Realismo y responsabilidad
Simplificar un problema complejo es una tentación a la que todos estamos expuestos. Y hacer realidad los derechos de las personas con discapacidad, en el contexto actual, es por cierto un problema complejo. La persistencia de la discriminación aún solapada, las idas y vueltas con las políticas educativas, de empleo, de autonomía de la voluntad son un claro ejemplo de ello.
En todos los niveles vinculados a la discapacidad, el individual, el familiar, el institucional, el social y el político, es necesario asumir de frente esa complejidad a la que claramente hay que conocer más y mejor para poder servir más y mejor a la causa de solución de los problemas y conflictos.
Será pues necesario, a mi modesto entender, que todos quienes nos sentimos involucrados en la temática de la discapacidad, enfrentemos el desafío de esta hora con un alto grado de realismo y de responsabilidad, poniendo nuestra visión y nuestros intereses en una gran mesa de discusión a la que deben estar invitados todos no sólo los interesados, sino también los responsables de que aquellos derechos que se inscriben en los tratados y se declaman en las tribunas y los foros de opinión, sean una realidad ordinaria.

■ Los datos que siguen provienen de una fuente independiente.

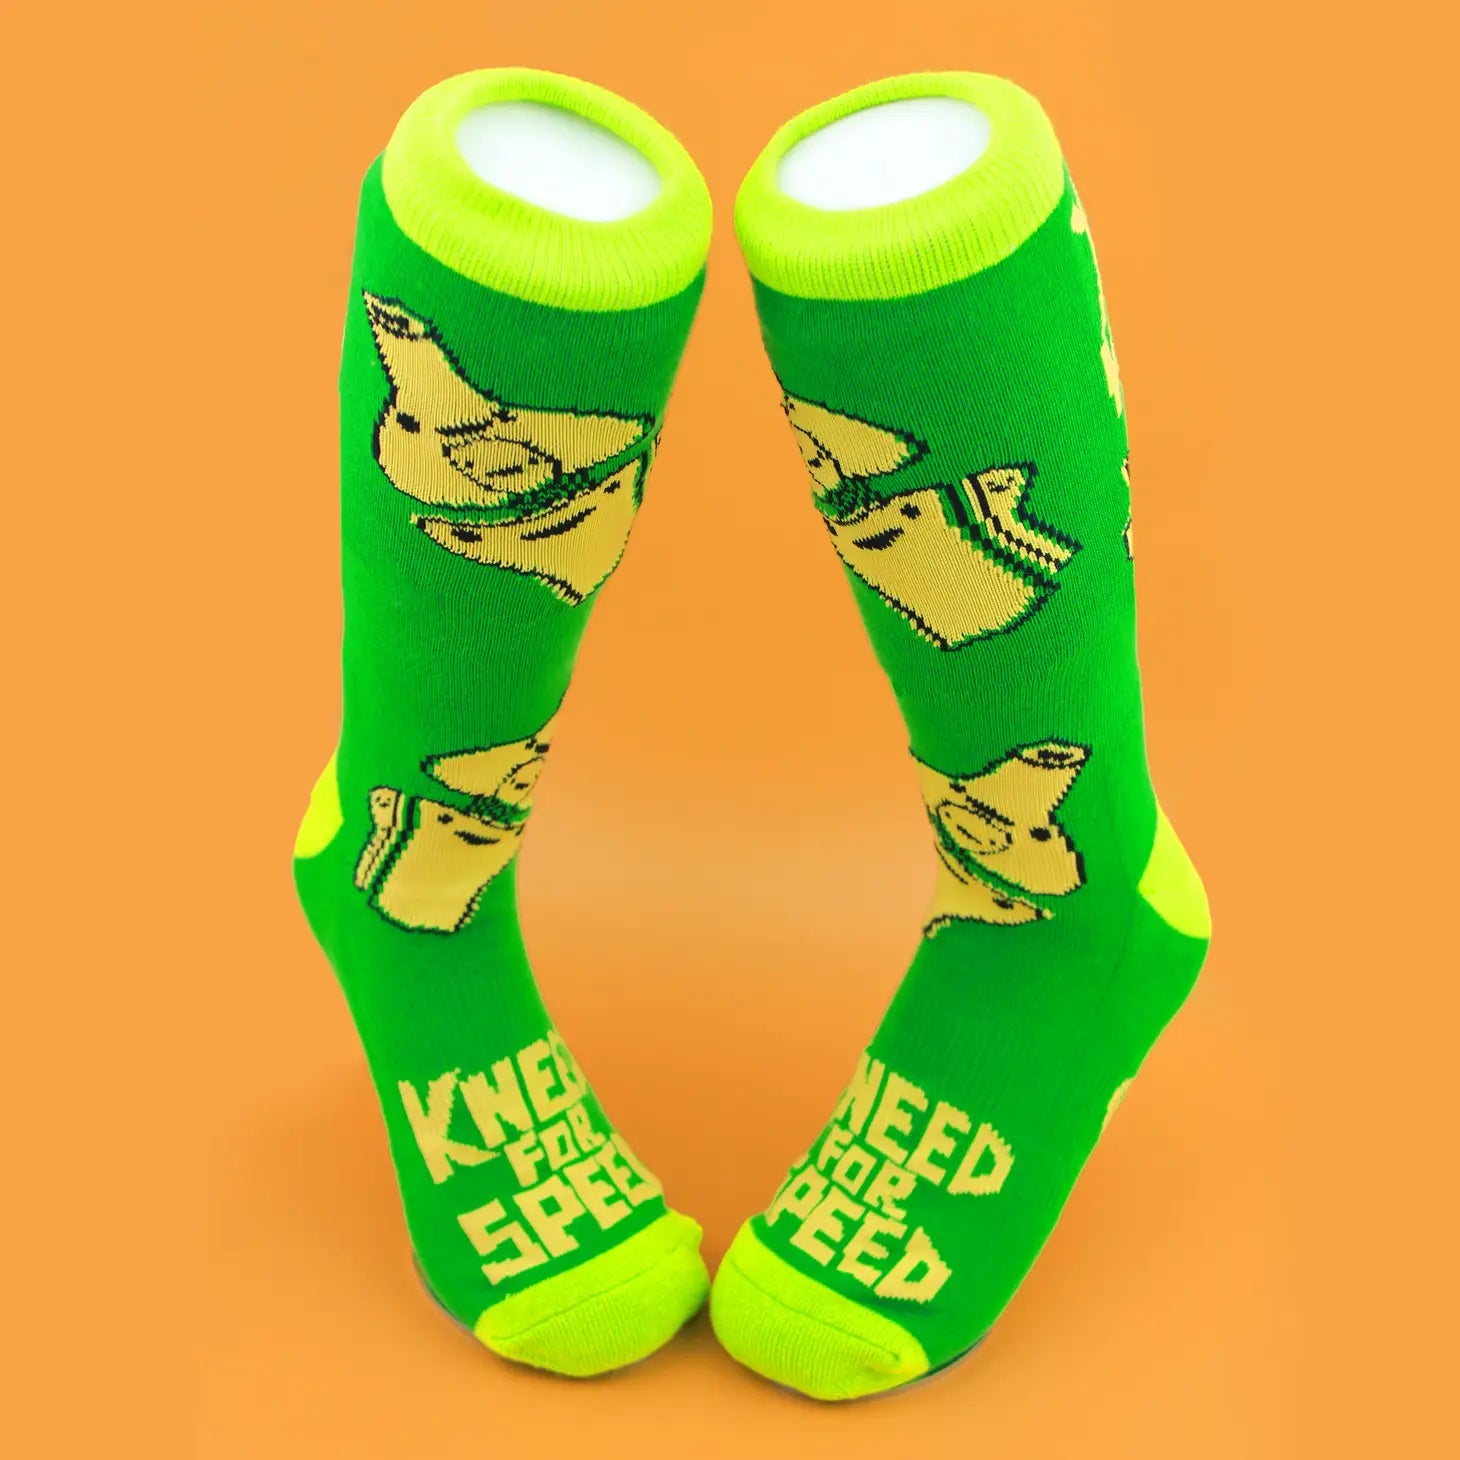 socks knee - Kneed For Speed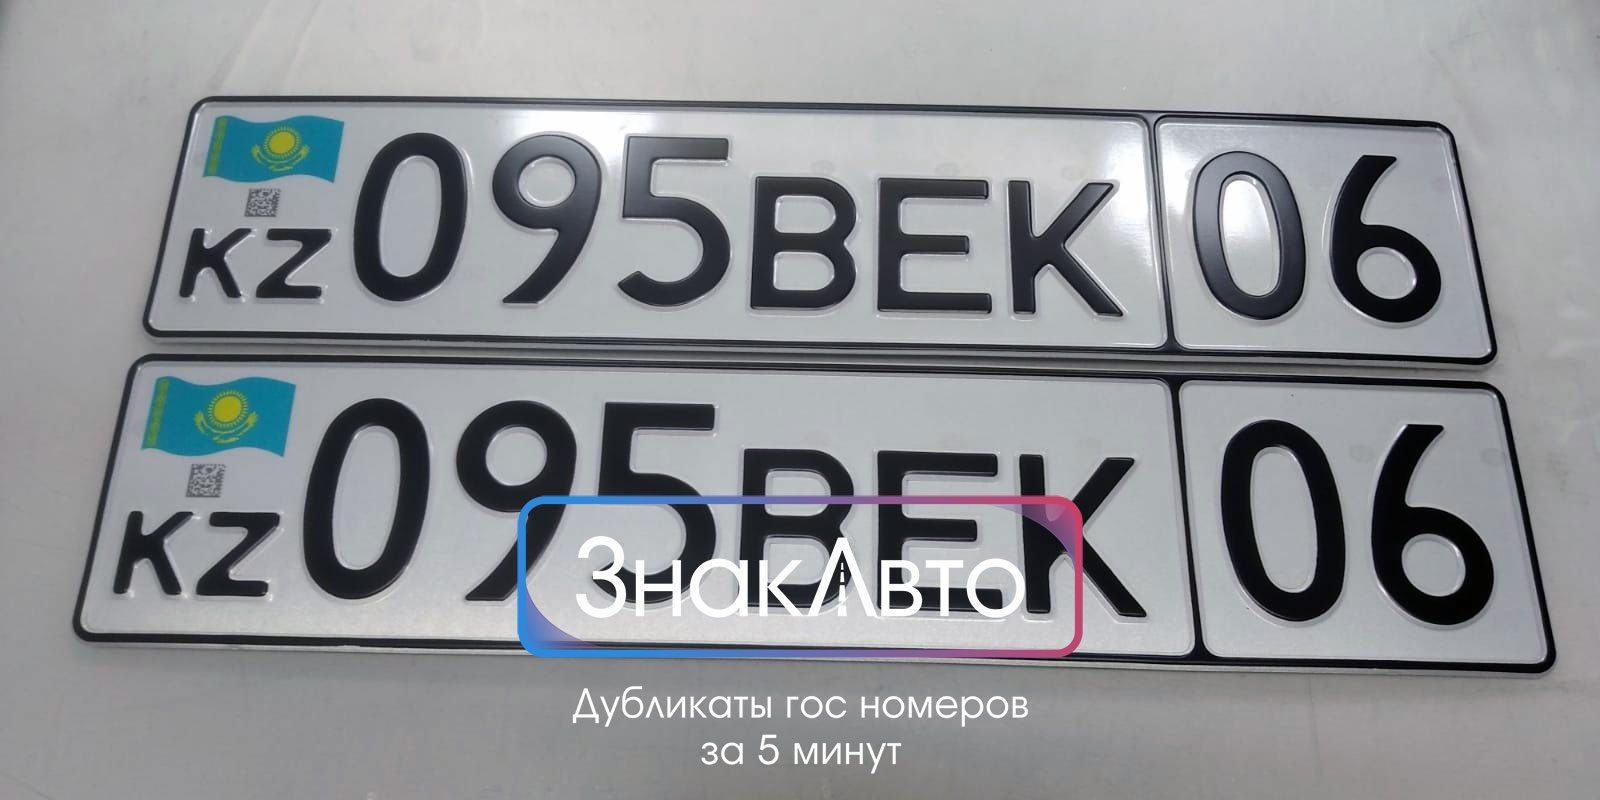 Дубликаты Казахских номеров на авто с qr кодом

Mejorar la calidad de las políticas pone en tensión a esas visiones e intereses ya que no hay un óptimo en el que todos ganen y nadie pierda… desde siempre hay quienes se benefician con el statu quo.
El reto no es menor, y la transversalidad intrínseca de esta problemática lleva a que nadie se pueda sentir liberado de la obligación de participar en este camino de superación al que el Día Internacional de las Personas con Discapacidad aún nos convoca para que, en algún momento, el 3 de diciembre sea sólo eso, un día más…
Luis G. BULIT GOÑI
Fundador y primer presidente de ASDRA (1988-2007)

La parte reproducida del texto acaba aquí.